Interaction between PDGF ligands and PDGFR homodimers/heterodimers [1, 15, 16]. PDGF subunits form heterodimeric or homodimeric combinations PDGF‐AA, PDGF‐AB, PDGF‐BB, PDGF‐CC and PDGF‐DD. Two types of PDGF receptor exist: PDGFR‐α and PDGFR‐β. These receptors come in dimeric form PDGFR‐ αα, PDGFR‐ αβ and PDGFR‐ ββ. PDGF subunits A, B and C exhibit binding affinity towards PDGFR‐α, while subunits B, C, and D display affinity for PDGFR‐β. Consequently, PDGF‐AA selectively engages PDGFR‐αα receptors, whereas PDGF‐BB binds to both PDGFR‐αα and PDGFR‐αβ. Additionally, PDGF‐CC interacts with PDGFR‐αα, PDGFR‐αβ, and PDGFR‐ββ, whereas PDGF‐DD exclusively binds to PDGFR‐ββ. PDGF, platelet derived growth factor; PDGFR: platelet derived growth factor receptor.

FIGURE 3

PDGF signalling cascade in fibroblasts [18, 19, 20, 21, 22]. Activation of PDGFR activates several pathways leading to cell proliferation, collagen production, myofibroblast differentiation and cell migration.

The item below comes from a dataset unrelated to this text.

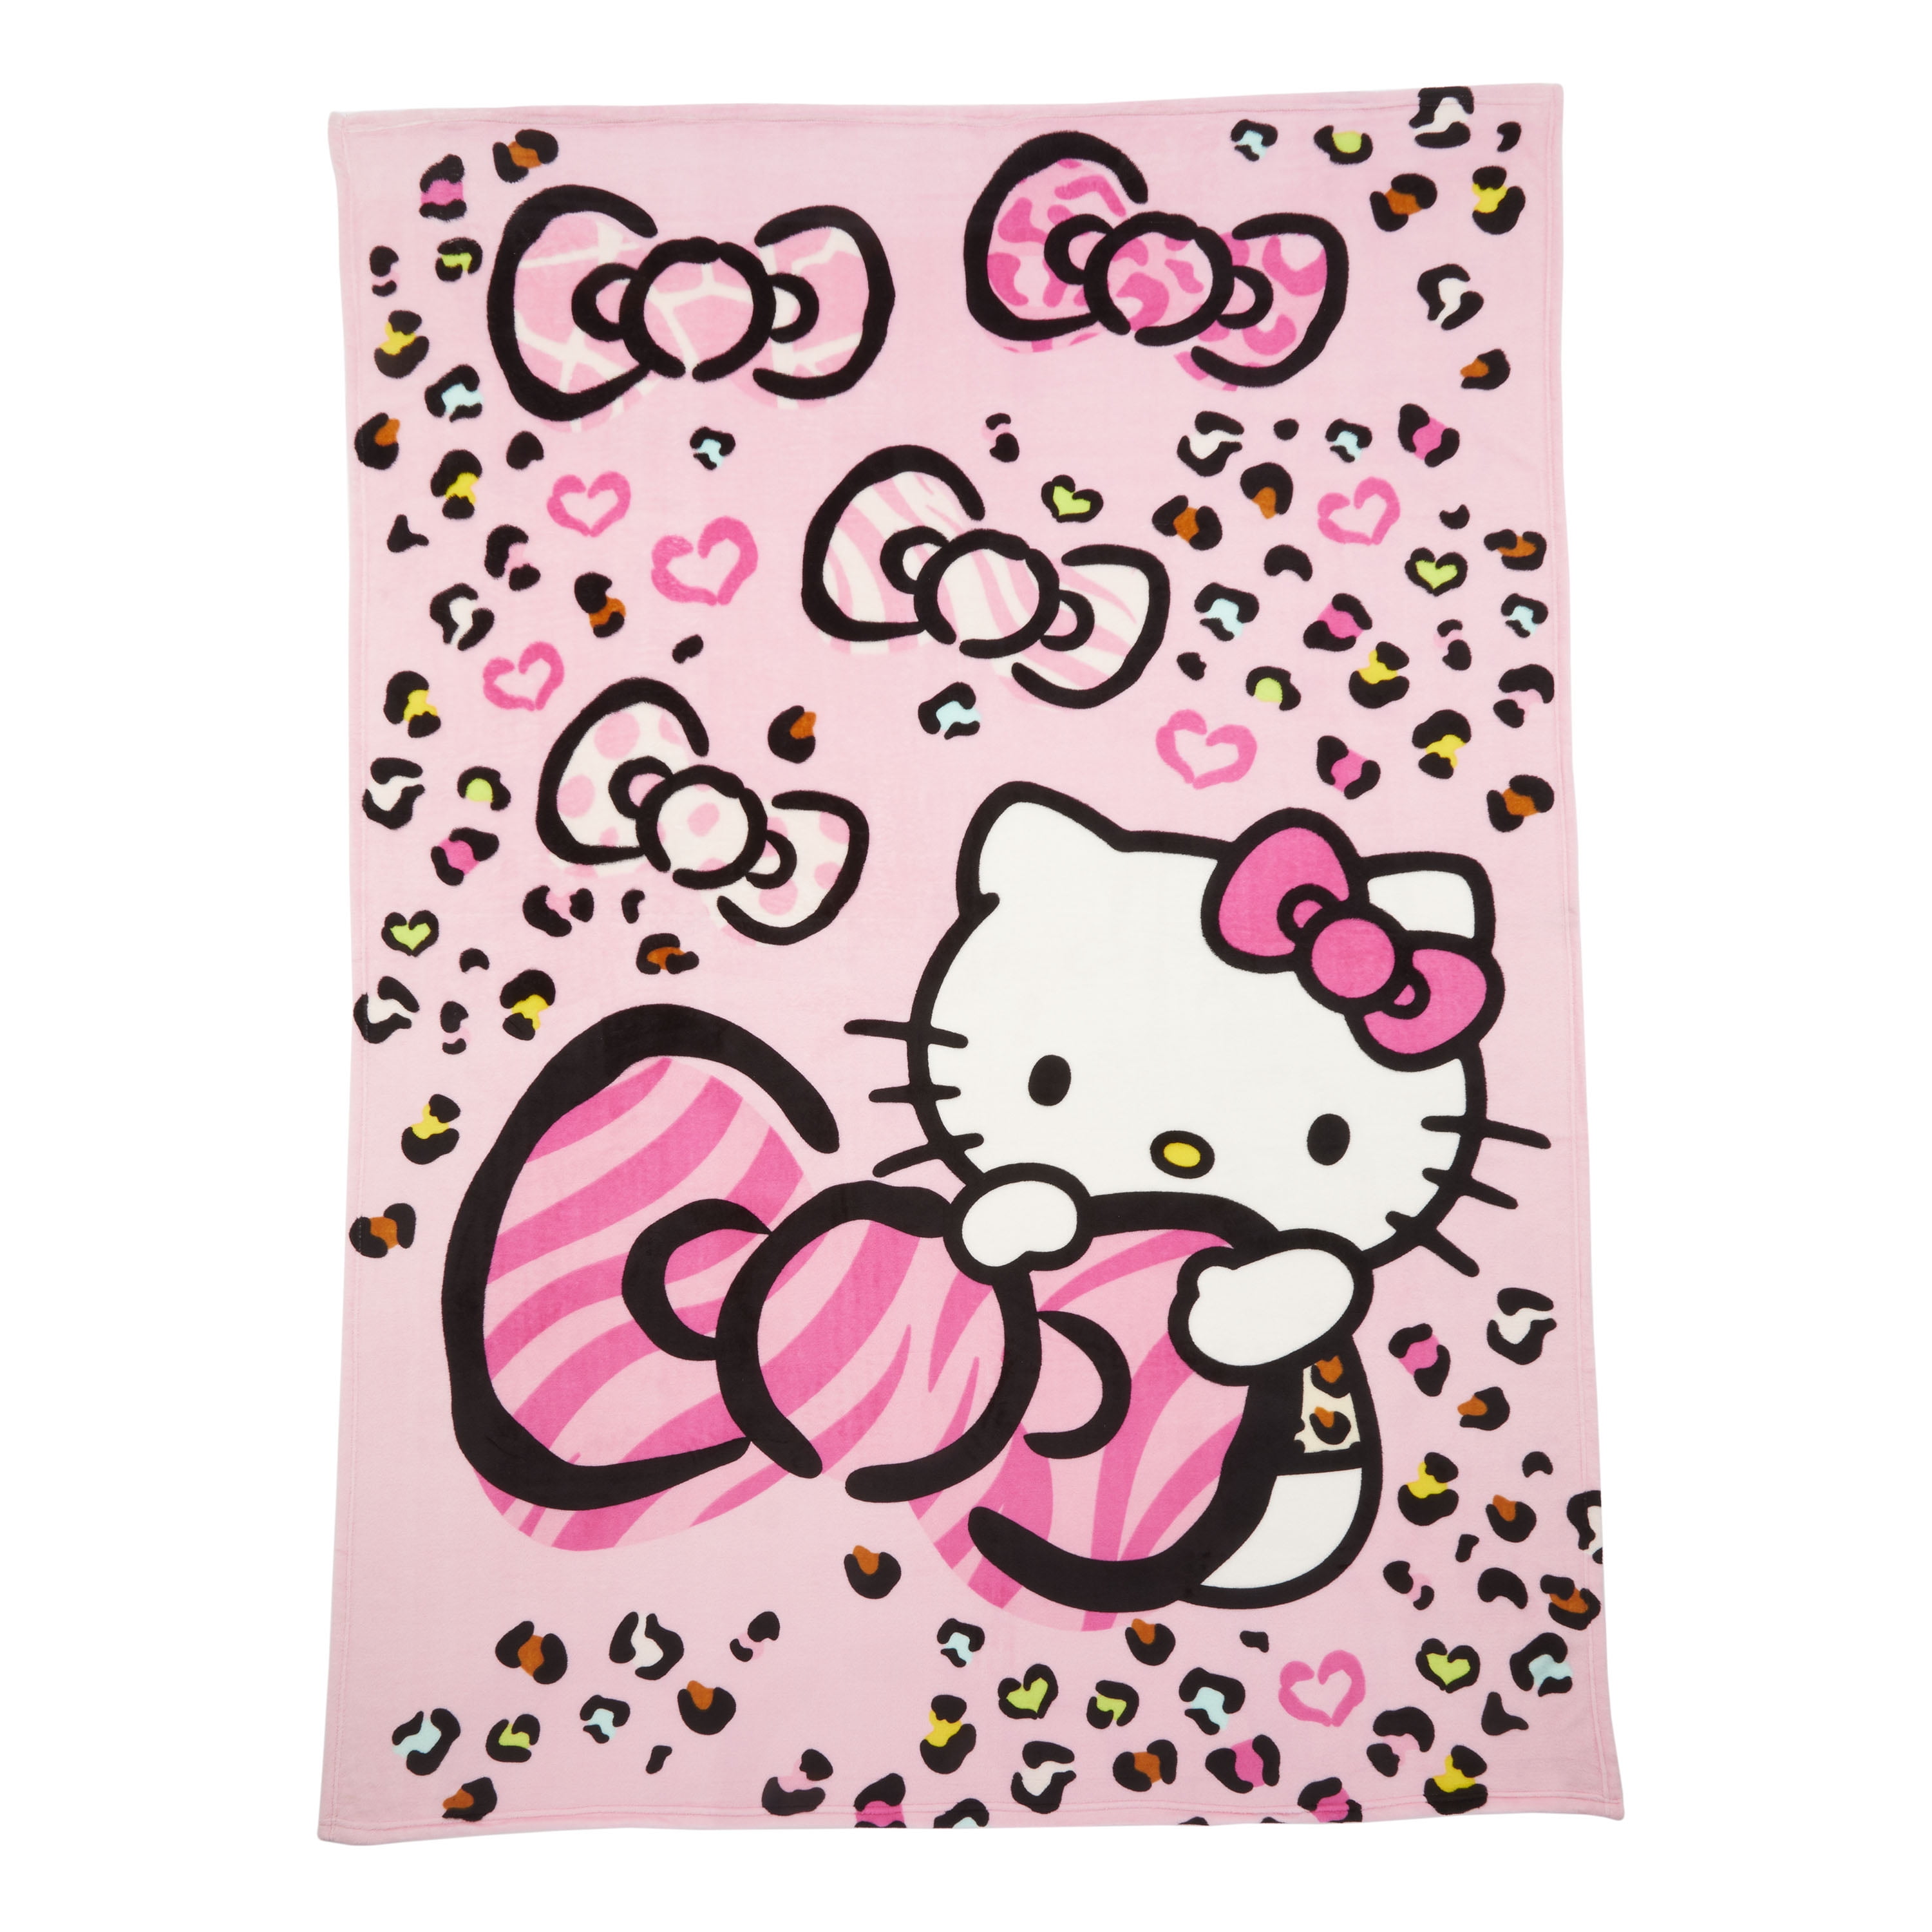 Sanrio Hello Kitty Kids and Toddlers Sofa Bean Bag Chair Made In USA 
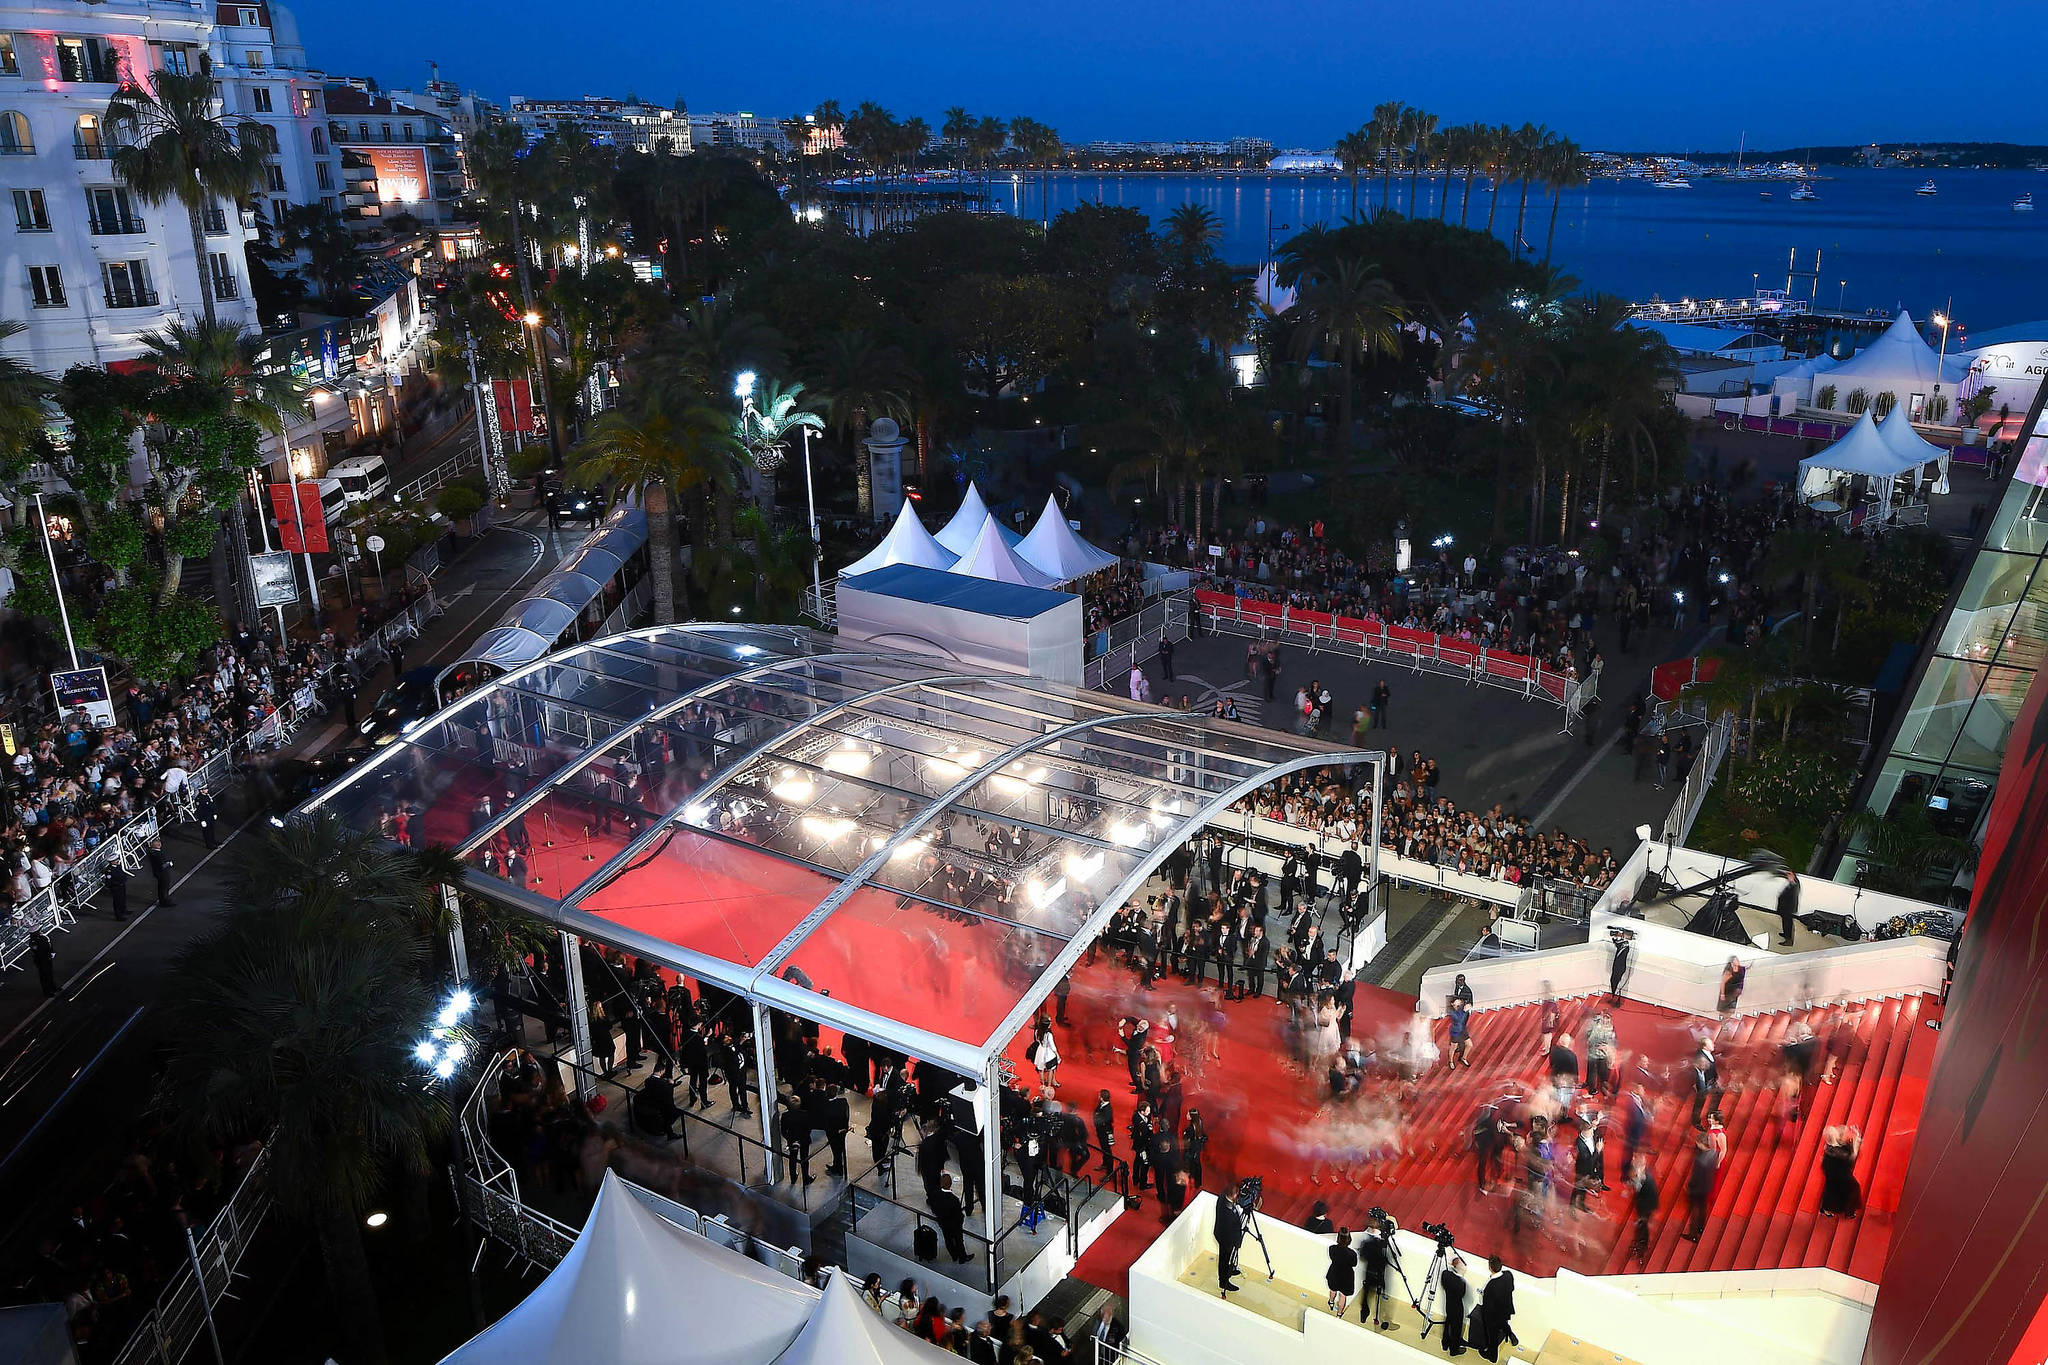 /assets/contentimages/cannes~0.jpg

IP3, inositol (1,4,5)‐triphosphate; MAP‐KK, MAP‐kinase kinase/MEK 1/2; MAP‐KKK, MAP‐kinase kinase kinase/RAF; PDGFR, platelet derived growth factor receptor; PIP‐2, phosphatydylinsoitol (4,5)‐biphosphate; PIP3, phosphatidylinositol (3,4,5)‐triphosphate; SRF, serum response factor; TGFβ, transforming growth factor β.

FIGURE 4

TGFβ R‐Smad signalling pathway [28, 29]. LTGFβ: latent transforming growth factor β, TGFβ: transforming growth factor β. LTGFβ is activated into TGFβ. TGFβ a dimer kinase binds to Type 1 and Type 2 receptors. Once activated these receptors activate Smad proteins 2 and 3. Smad 2 and 3 then activate Smad 4 and form a complex. This protein complex translocates to the nucleus to perform gene transcription and form active chromatin. This model summarises explanation from Lichtman et al. and Demidova‐Rice et al.

FIGURE 5

TGFβ signalling in fibroblast [17, 29]. After activation of receptors by TGFβ, R‐SMAD pathway, Rho‐associated coiled‐coil containing ROCKs, RAS–ERK pathway and PI3/AKT pathway are activated. This leads to the regulation of myofibroblast generation, fibroblast proliferation/ apoptosis, extracellular matrix (ECM) production and also upregulates DNA transcription factors, co‐activators and co‐repressors to regulate gene expression. LTGFβ, latent transforming growth factor β; MAP‐KK, MAP‐kinase kinase/MEK 1/2; MAP‐KKK, MAP‐kinase kinase kinase/RAF; PIP‐2, phosphatidylinositol (4,5)‐biphosphate; PIP3, phosphatidylinositol (3,4,5)‐triphosphate; ROCKs, Rho‐associated coiled‐coil containing protein kinases; TGFβ, transforming growth factor β.